Amid the failure of revenue collection agencies to improve their tax take and the record budget deficit the past two years, the country’s outstanding external debt soared to $60.9 billion as of March, up by $900 million from end-December 2010’s $60 billion and by $4 billion year-on-year.
The Bangko Sentral ng Pilipinas (BSP) still said the country’s external debt indicators remained at comfortable levels despite the rise in foreign debt.
BSP Gov. Amando Tetangco Jr. traced the increase to the new borrowings both by the public and the private sectors amounting to $1.8 billion in the first quarter alone this year.
He, however, said the liabilities were offset by the $1 billion hike in resident investments in overseas-issued Philippine debt instruments.
Year-on-year, the increase was attributed to the net availments of nearly $3.4 billion, both by the public and the public sectors, and the foreign exchange revaluation adjustments amounting to $2.2 billion on account of the weaker US dollar.
The impact of these factors were partially eased by the higher investments by residents in Philippines bonds and notes issued abroad of $1.8 billion, Tetangco said.
“Major external debt indicators remained at comfortable levels during the first quarter,” he said.
Tetangco said that despite the expansion in the country’s dollar-denominated liabilities, the country’s dollar reserves remained strong with the end-March 2011 level at $66 billion.
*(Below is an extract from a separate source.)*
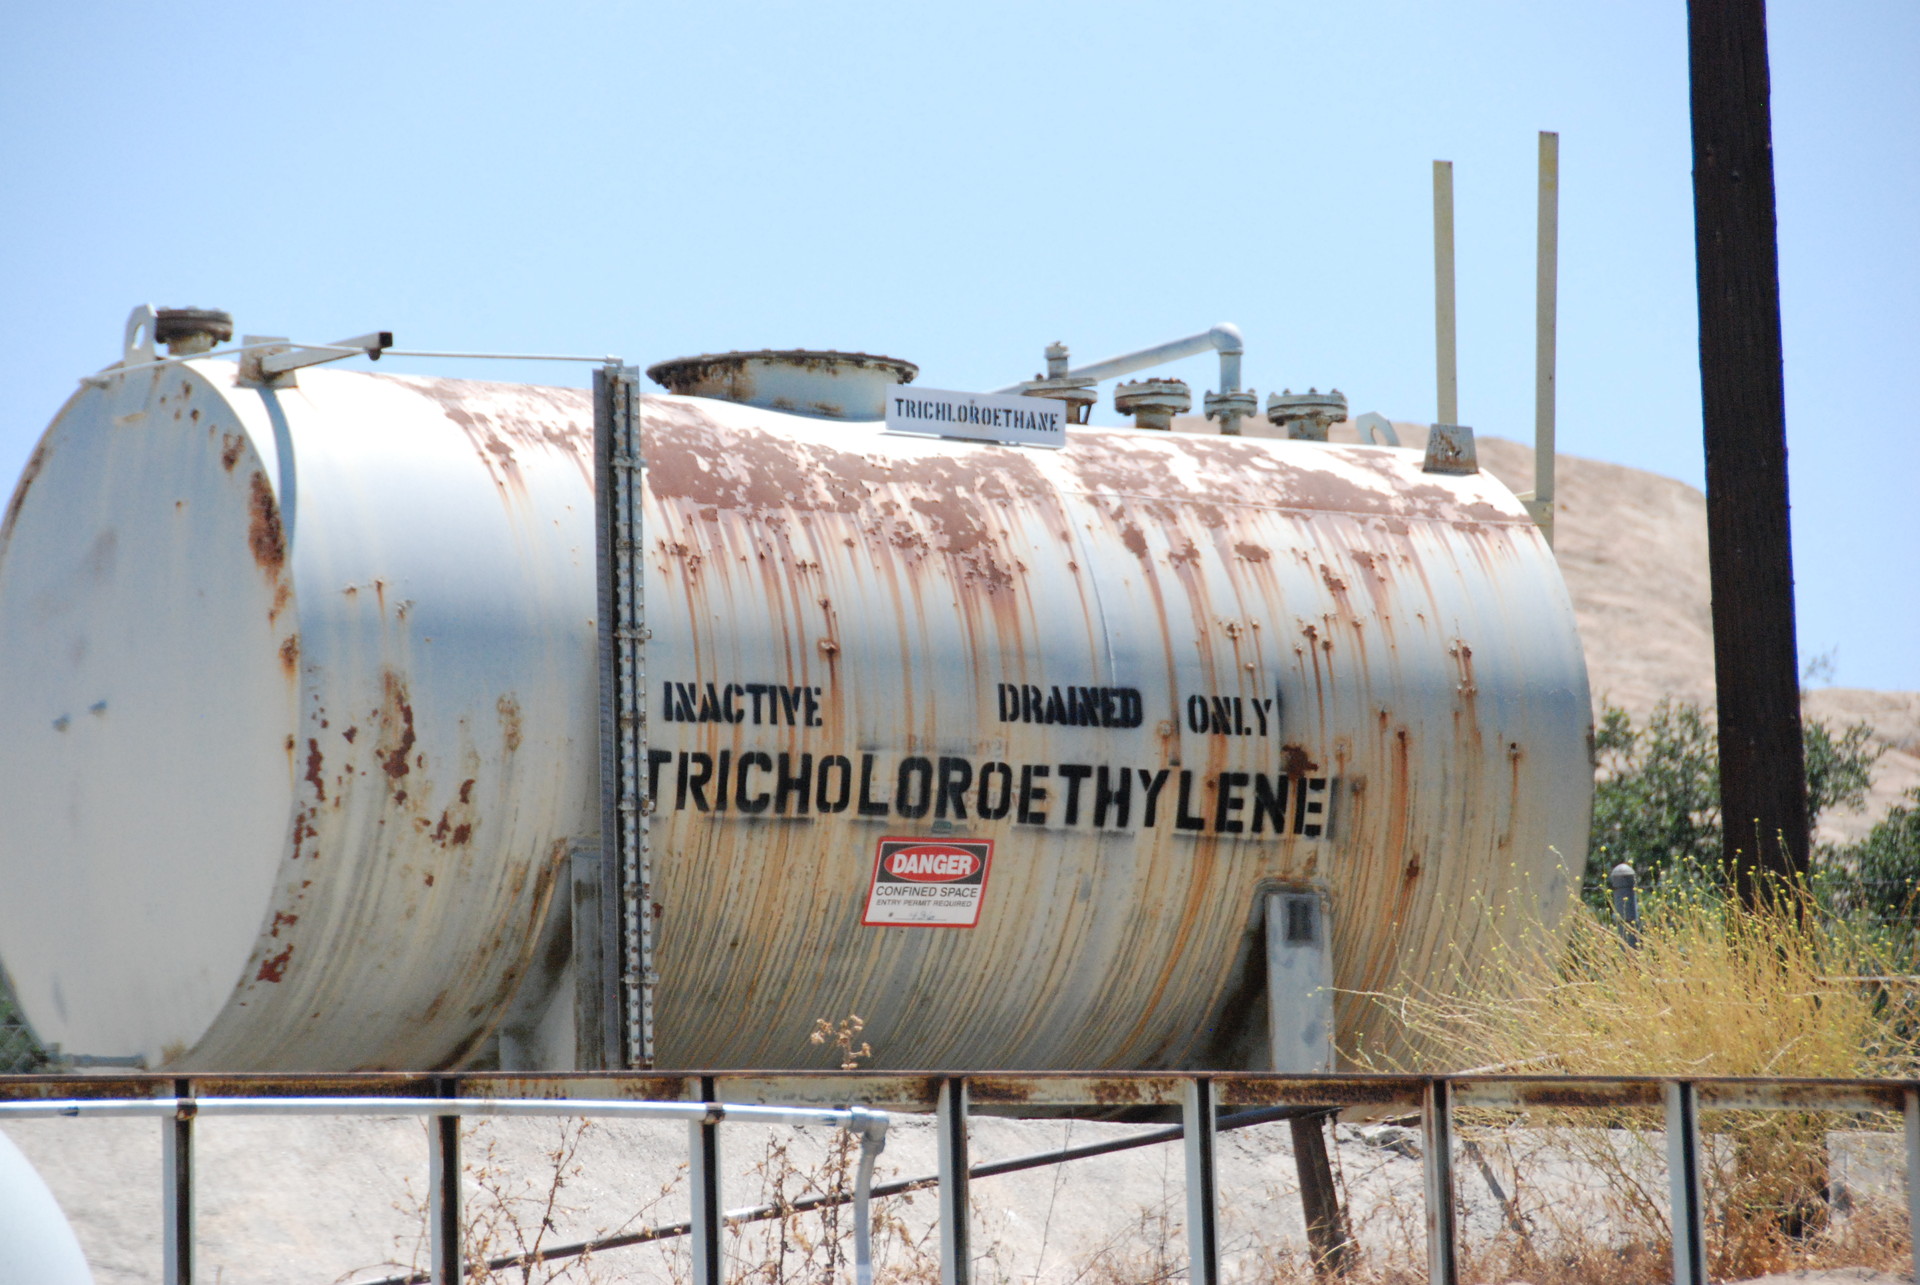 NASA used trichloroethylene, a carcinogen, as a degreaser on its rocket test stands, then poured it into unlined storage ponds. An estimated half-million gallons of trichloroethylene have contaminated the ground beneath Santa Susana.
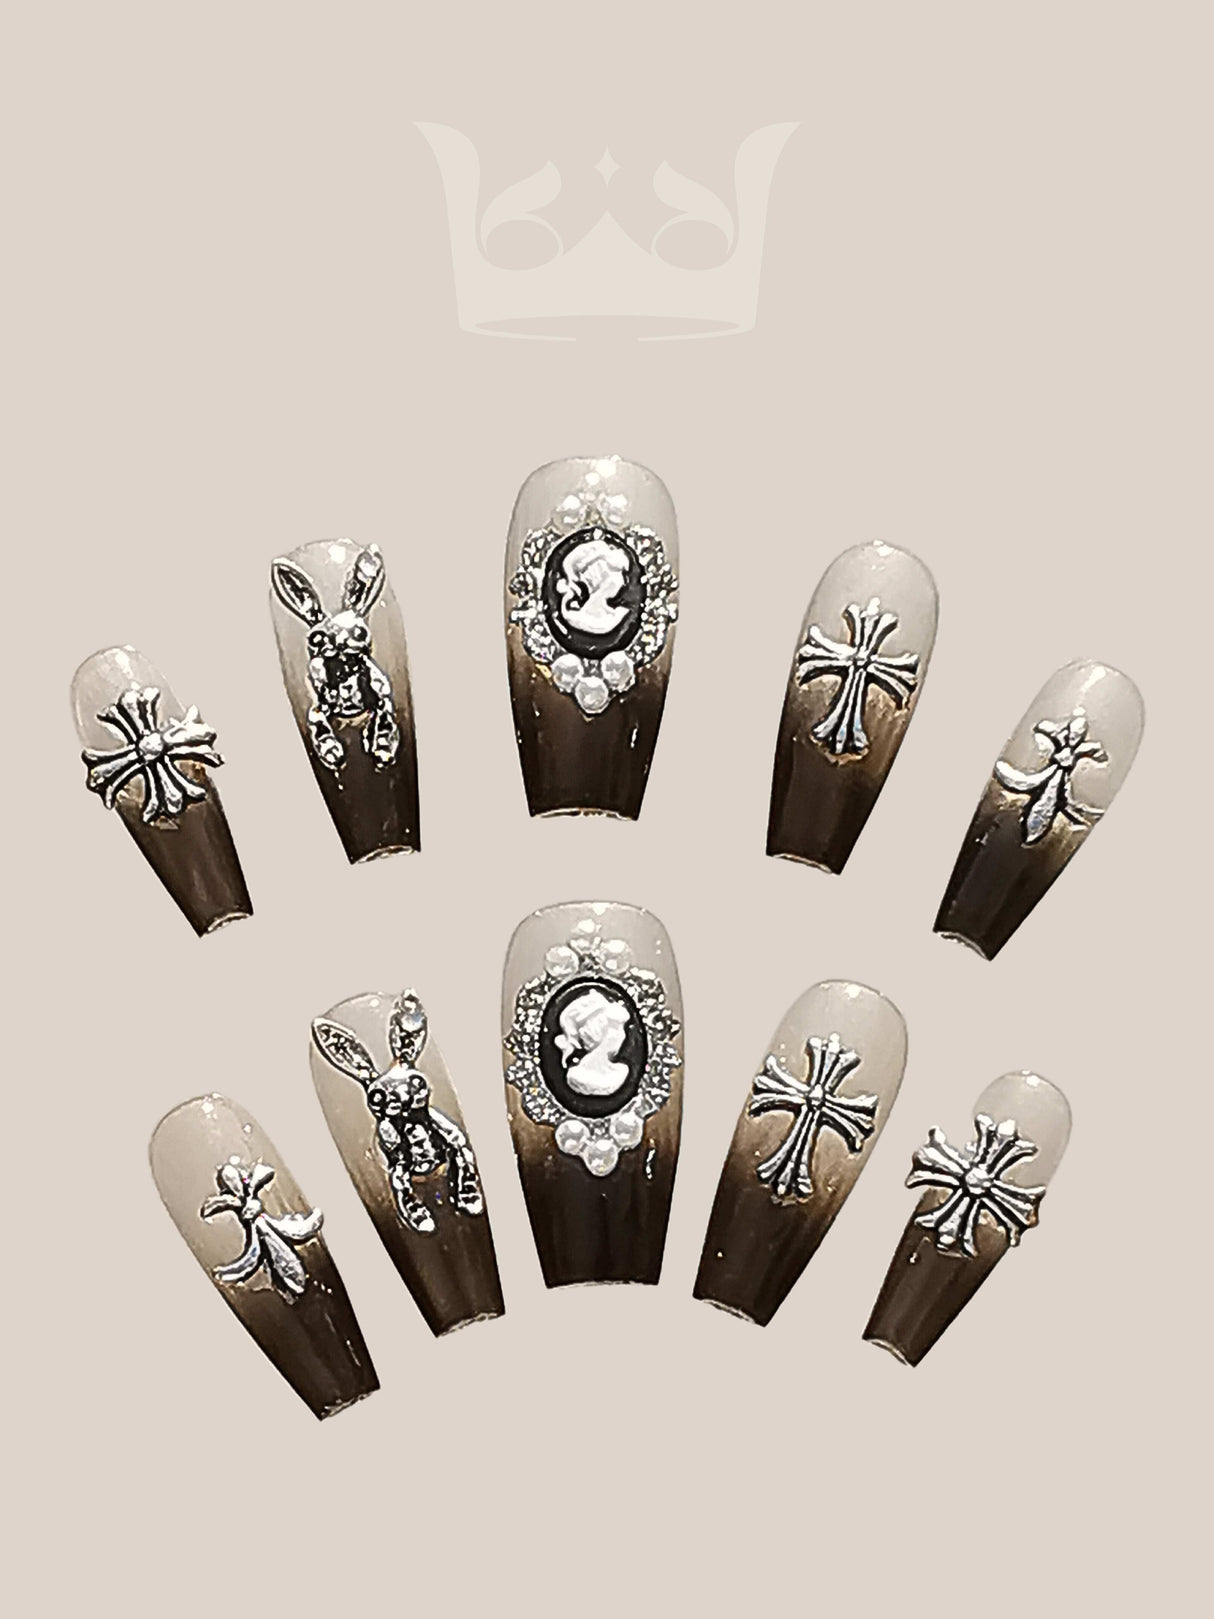 Opulent and eye-catching nails with metallic accents and gem-like embellishments are perfect for special occasions or making a fashion statement.

He said the ratio of the GIR to short-term debt in the first quarter this year stood at 9.7 percent in terms of original maturity and 6.6 percent under the remaining maturity “much higher than the international benchmark of one percent.”
Also, the country’s external debt ratio as a percentage of gross national income got better in the first three months this year to 22.2 percent from year-ago’s 24.4 percent.
In terms of its percentage to gross domestic product (GDP), the ratio improved to 29.5 percent as of last March over year-ago’s 32.5 percent.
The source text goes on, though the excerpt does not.